▶ TASK:
Print the lines in the listing below that fall between the line with "マグカップ M 280ml" and the line with "Massi - Bicicleta", those two lines included, exactly as they stand and with nothing else.

▶ STORED DATA:
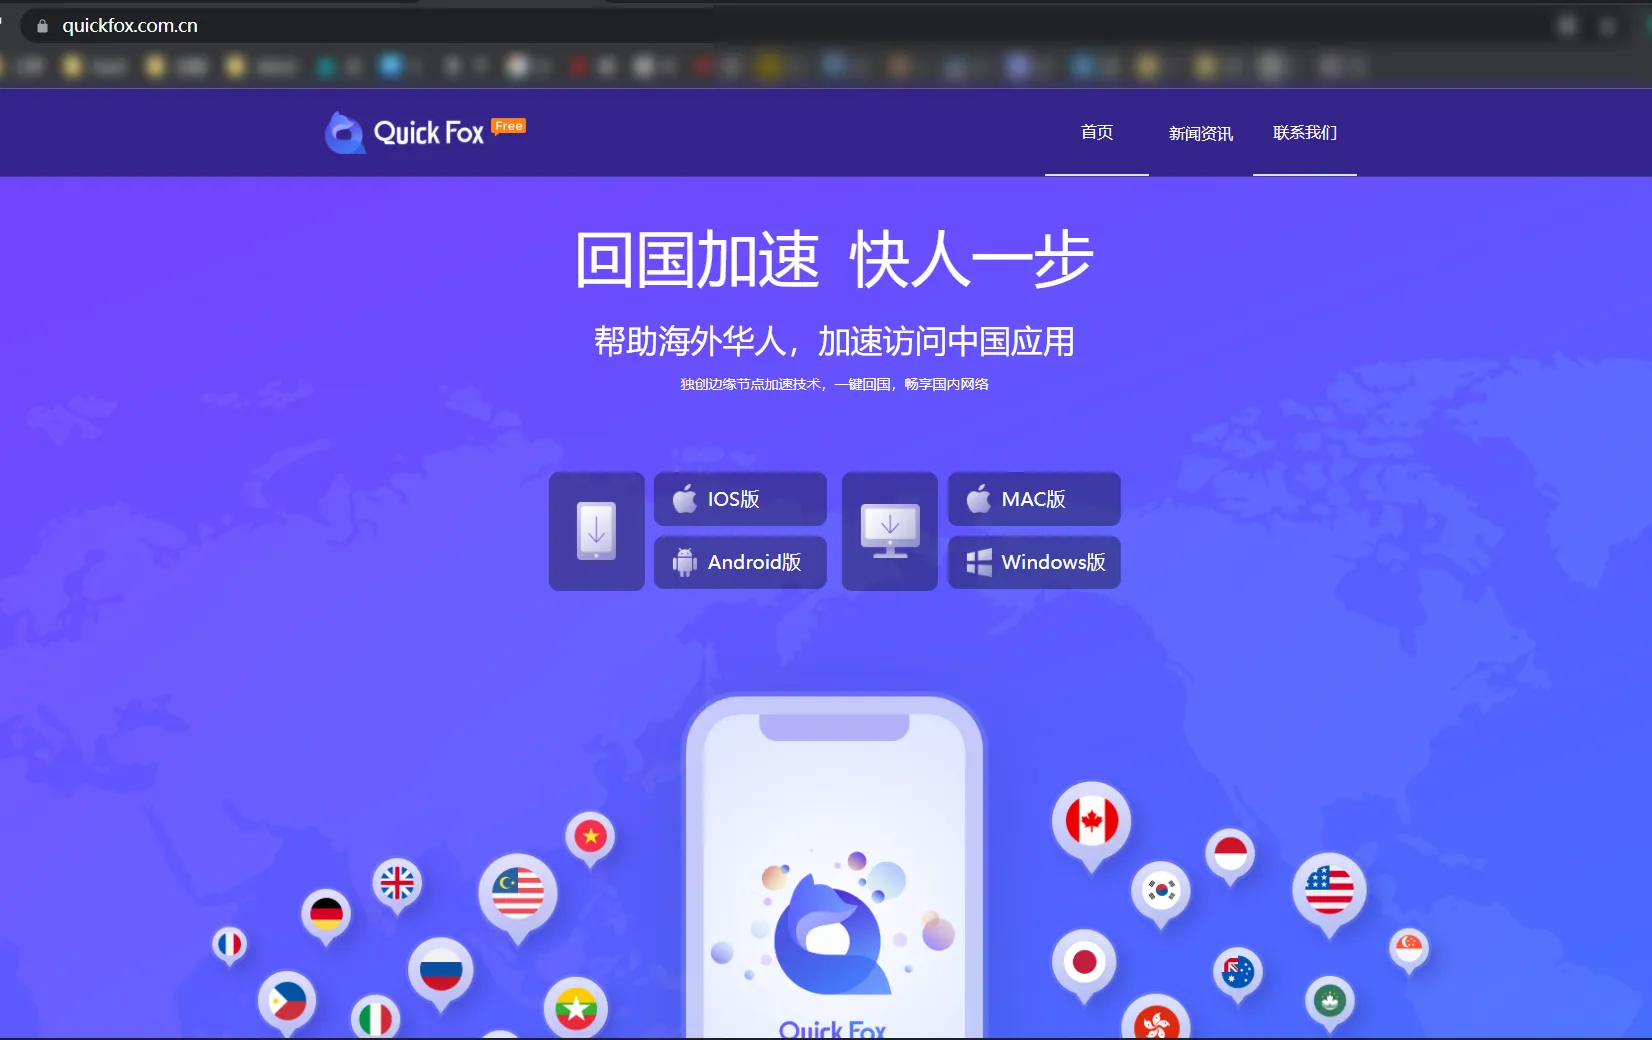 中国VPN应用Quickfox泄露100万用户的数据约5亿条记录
...
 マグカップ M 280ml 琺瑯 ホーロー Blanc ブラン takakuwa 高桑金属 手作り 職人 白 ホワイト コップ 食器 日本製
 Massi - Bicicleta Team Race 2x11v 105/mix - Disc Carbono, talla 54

▶ EXERCISE ANSWER:
 マグカップ M 280ml 琺瑯 ホーロー Blanc ブラン takakuwa 高桑金属 手作り 職人 白 ホワイト コップ 食器 日本製
 Massi - Bicicleta Team Race 2x11v 105/mix - Disc Carbono, talla 54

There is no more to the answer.